# Introduction to Numpy

## Introduction 



Many of the libraries you will use to perform data analysis in Python, as well as many of the mathematical functions you'll use, will involve working with Numpy. Numpy (short for Numerical Python) is used for numeric computing and includes support for multi-dimensional arrays and matrices along with a variety of mathematical functions to apply to them.

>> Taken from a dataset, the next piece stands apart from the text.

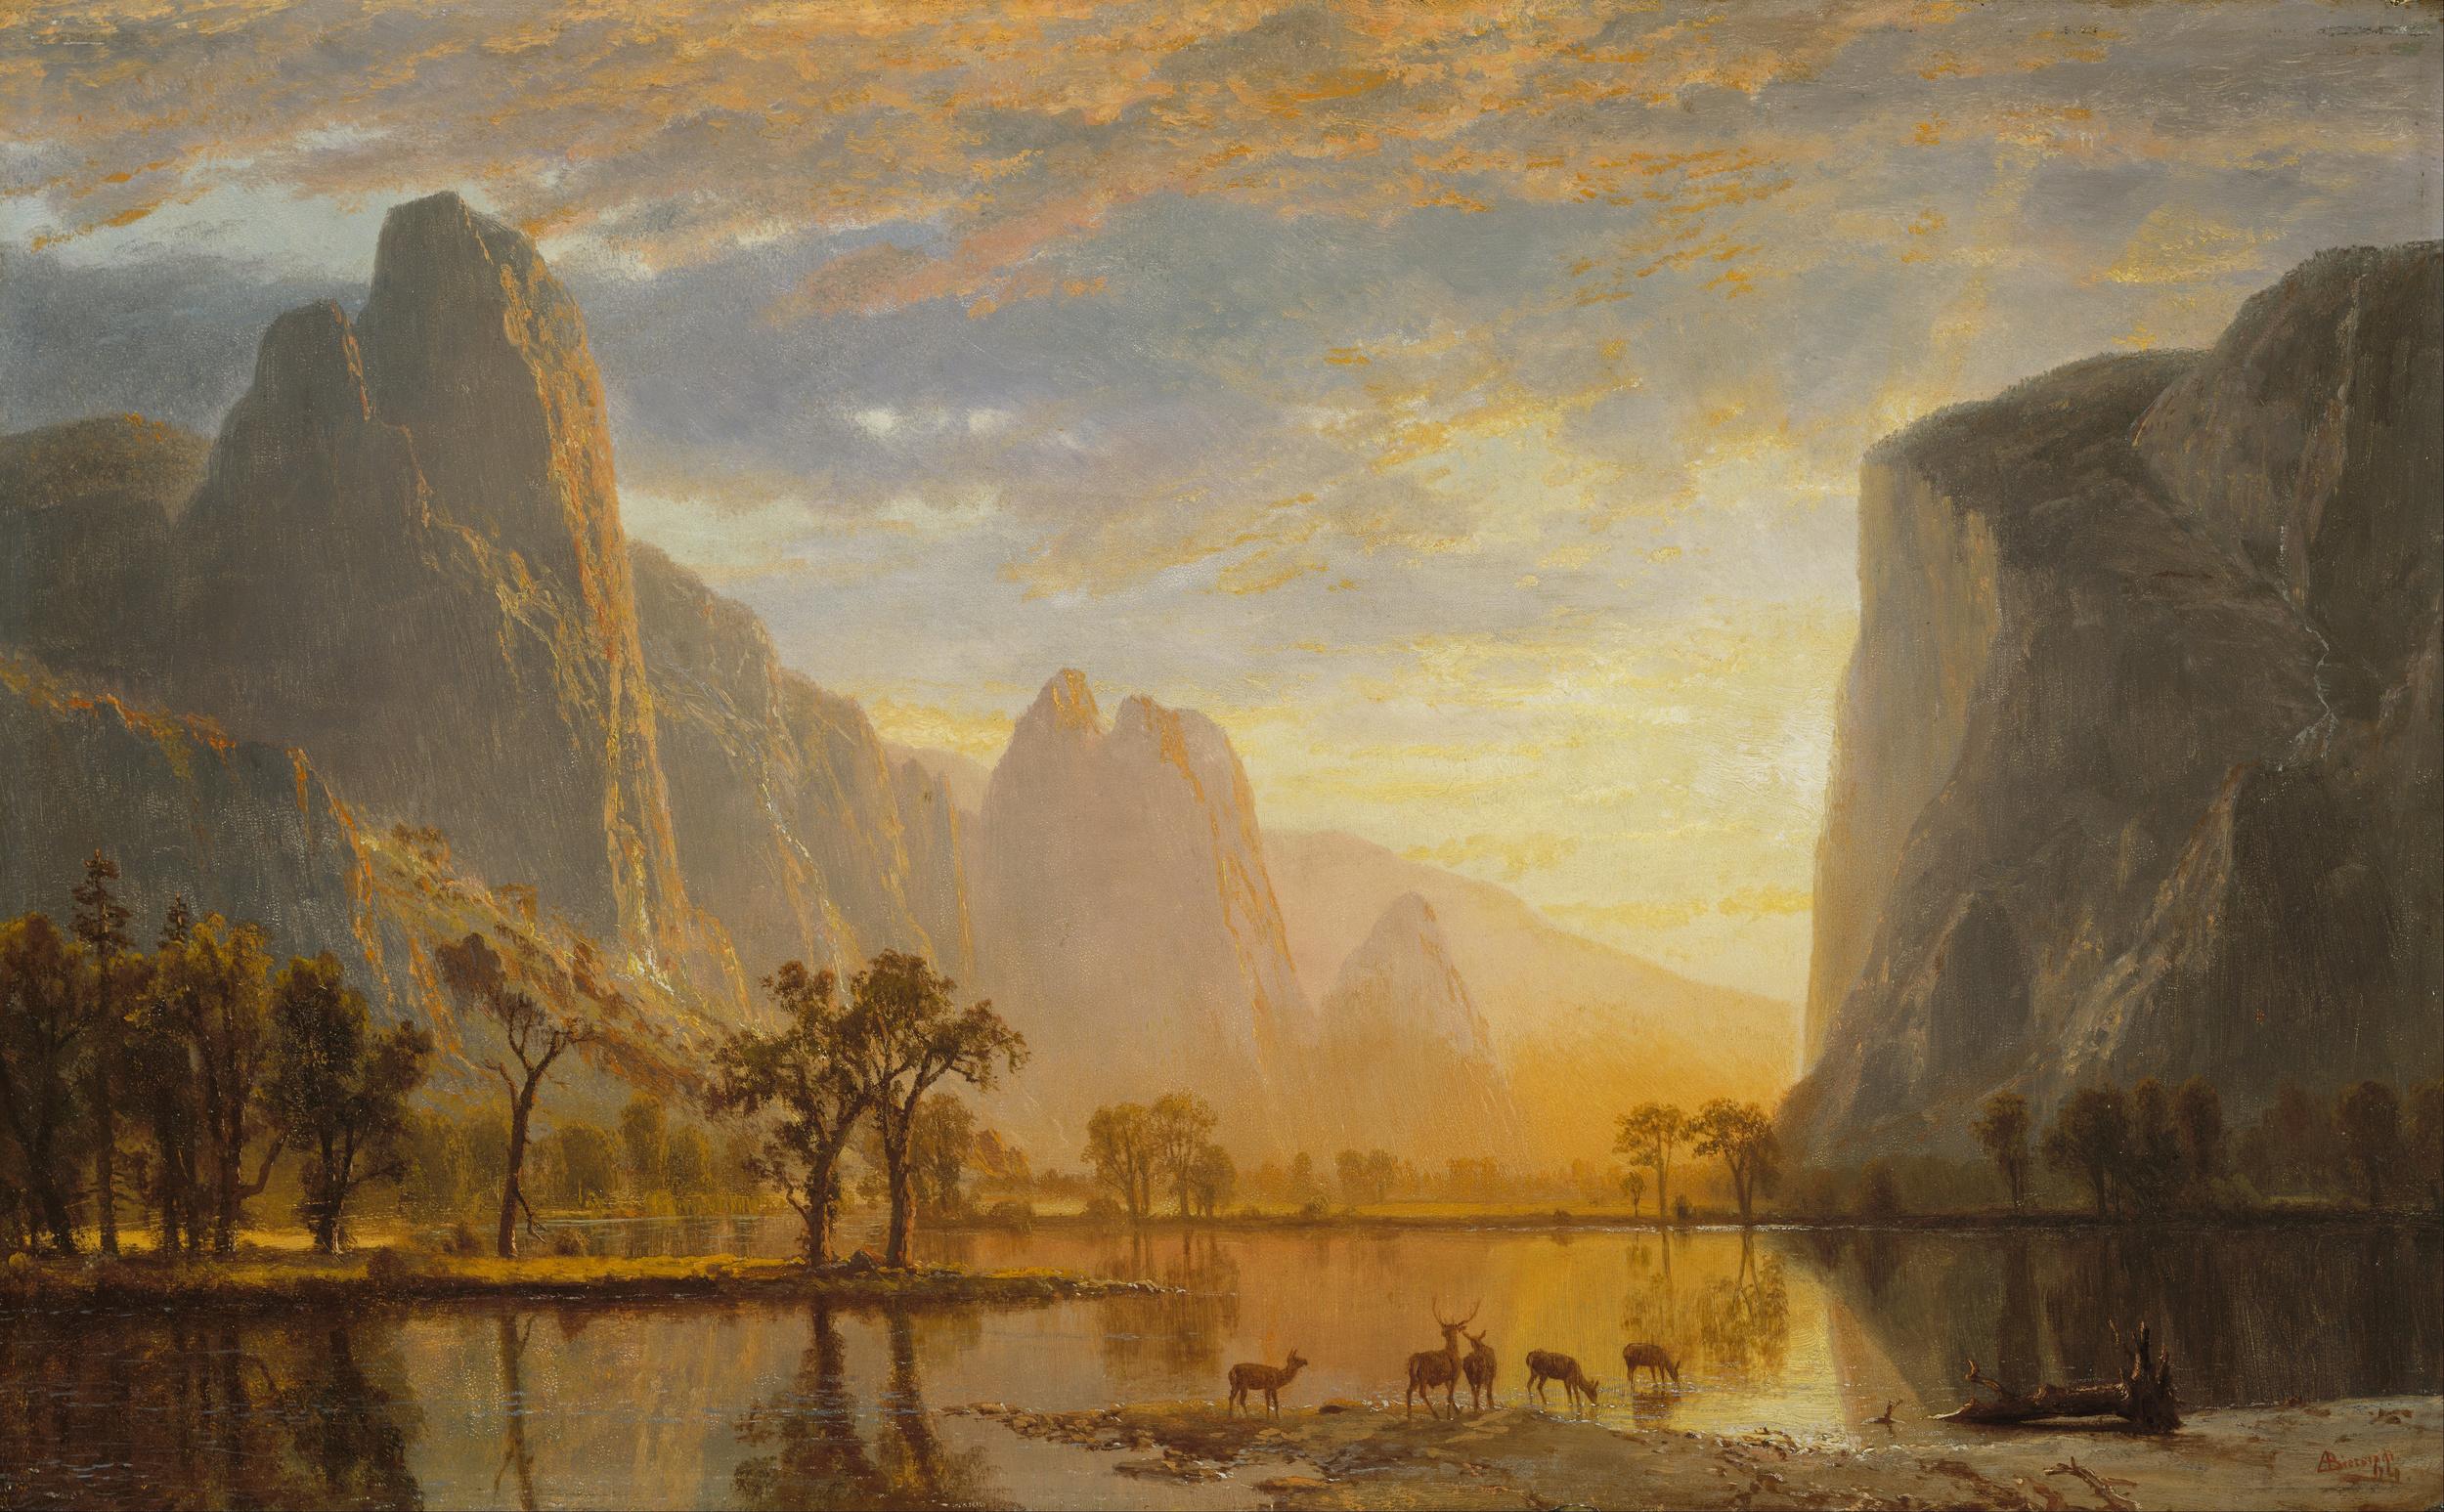 Albert Bierstadt's Valley of the Yosemite

In this lesson, we will learn about Numpy's primary data structures and how to apply some basic math functions to them.

## Importing Numpy



In order to use Numpy, you must first import it. It is common to also **alias** it to *np* using the as keyword so that you don't have to spell out "numpy" every time you want to call one of its methods.

In [2]:
#Import numpy here
import numpy as np

Once the library has been imported, it is ready to use.

## Numpy Arrays



The basic data structures in Numpy are **arrays**, which can be used to represent tabular data. 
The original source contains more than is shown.